# American elm milling and drying tips please



## Julian (Sep 30, 2008)

My next door neighbor just had his large American elm tree cut down today, and I got the 36" diameter, 8' long main trunk of the tree for free. I'm planning on getting that heavy trunk over to a semi-local sawmill; there is only one guy milling lumer that I know of around here, and he's 40 miles away in Indiana. I've never had green lumber milled, then air dried it before, so any advice would be greatly appreciated.

To say that I'm excited would be an understatement. I've always felt a connection to the wood as I transform it from rough lumber to something useful, and beautiful. Now I will be able to have had my hands on the lumber from the time the tree fell.

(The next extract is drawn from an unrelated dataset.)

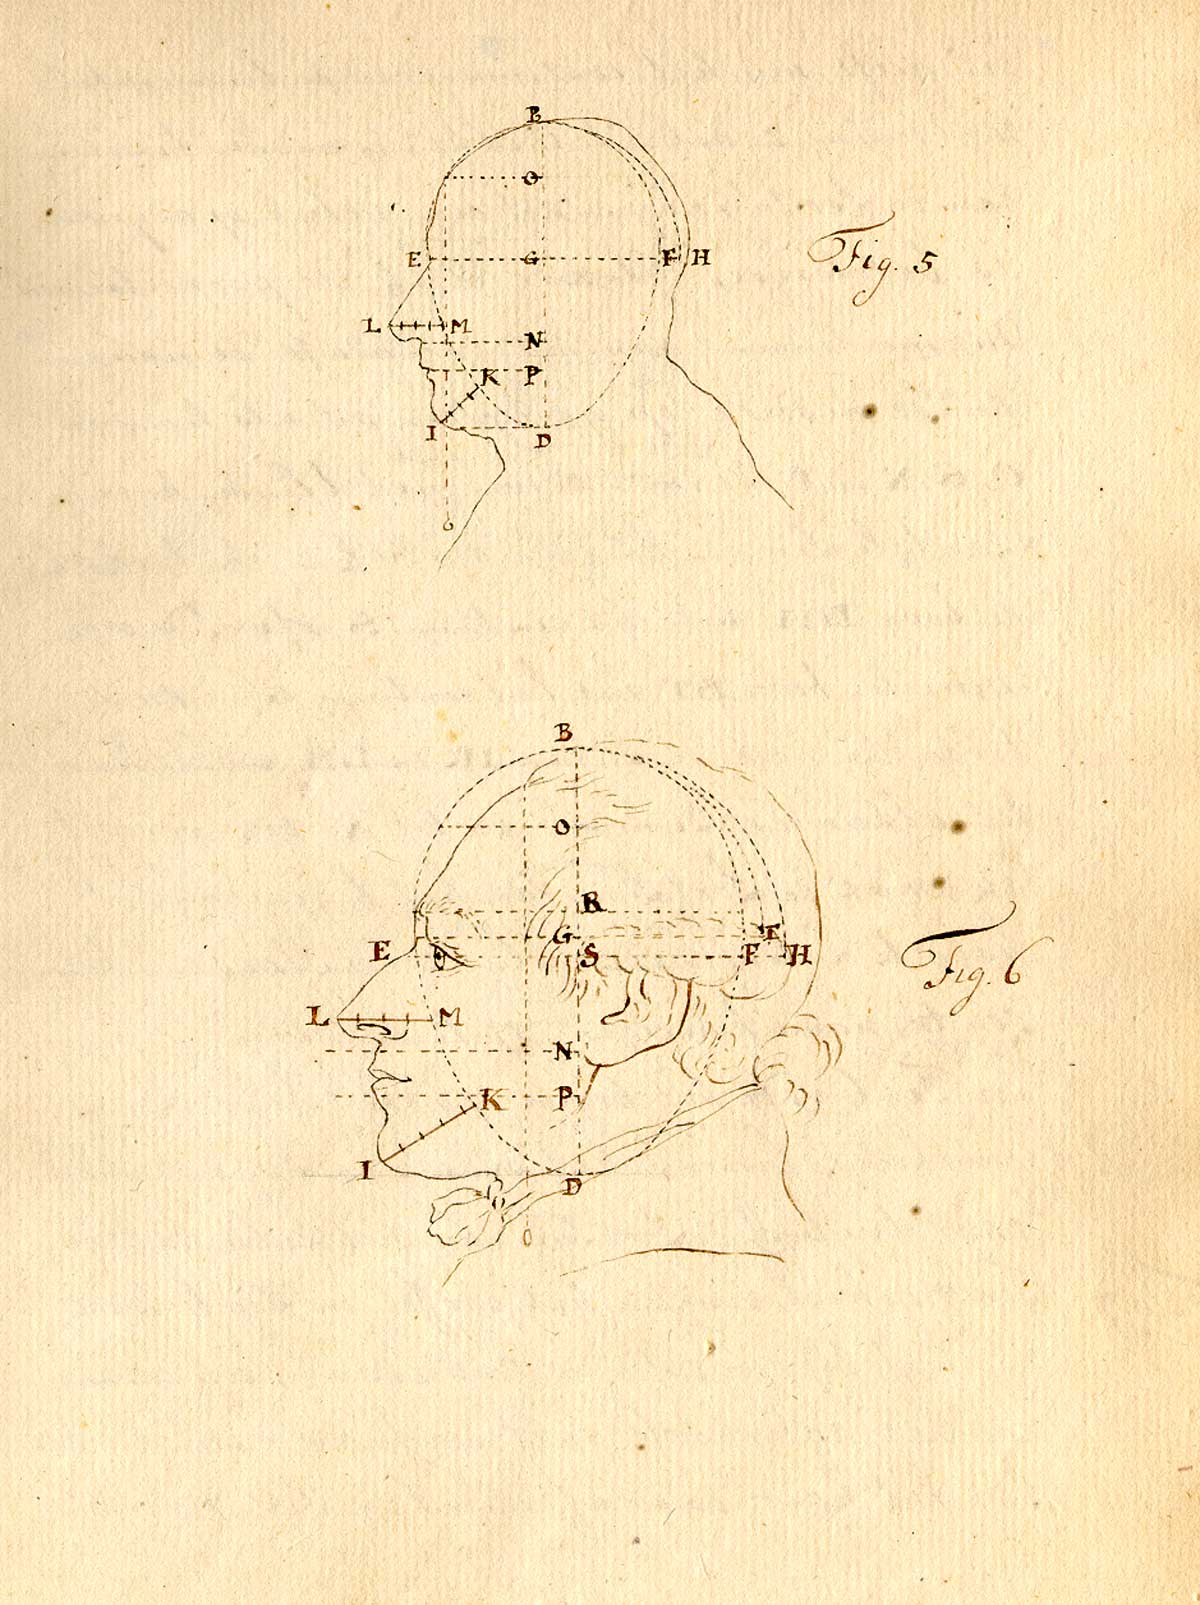 Manuscript drawings of two male heads in profile facing the left, each with indexed lines showing proportional measurements and shapes of the head, from Anonymous treatise on physiognomy, NLM call no.: MS B 662.

I have used many different types of wood, but never have seen or used American elm, so I am quite curious to see how well it machines and finishes.


----------



## Julian (Sep 30, 2008)

The tree is going to the mill today. I found a guy with a bandsaw mill that is a bit farther away, but it will save more material than the radial sawmill I was going to go to. The plan is to paint the ends with latex paint, and get it on 3/4" stickers in my shop as soon as I get it back, then weight it down with some of my 8/4 mahogany stock that I have laying around.


----------



## Boardman (Feb 7, 2008)

I'd love to see the resulting lumber. There are several sites that will describe air drying procedures - I just don't have on handy. But it seems you've got the basics figured out. Just make sure the base of the pile is level, to prevent twisting. I've air dried a little bit myself and I bought some scratched/dented pieces of metal roofing at a BORG for cheap, and used that as the covering. Air drying in winter is slower than summer, but you'll atch next summer.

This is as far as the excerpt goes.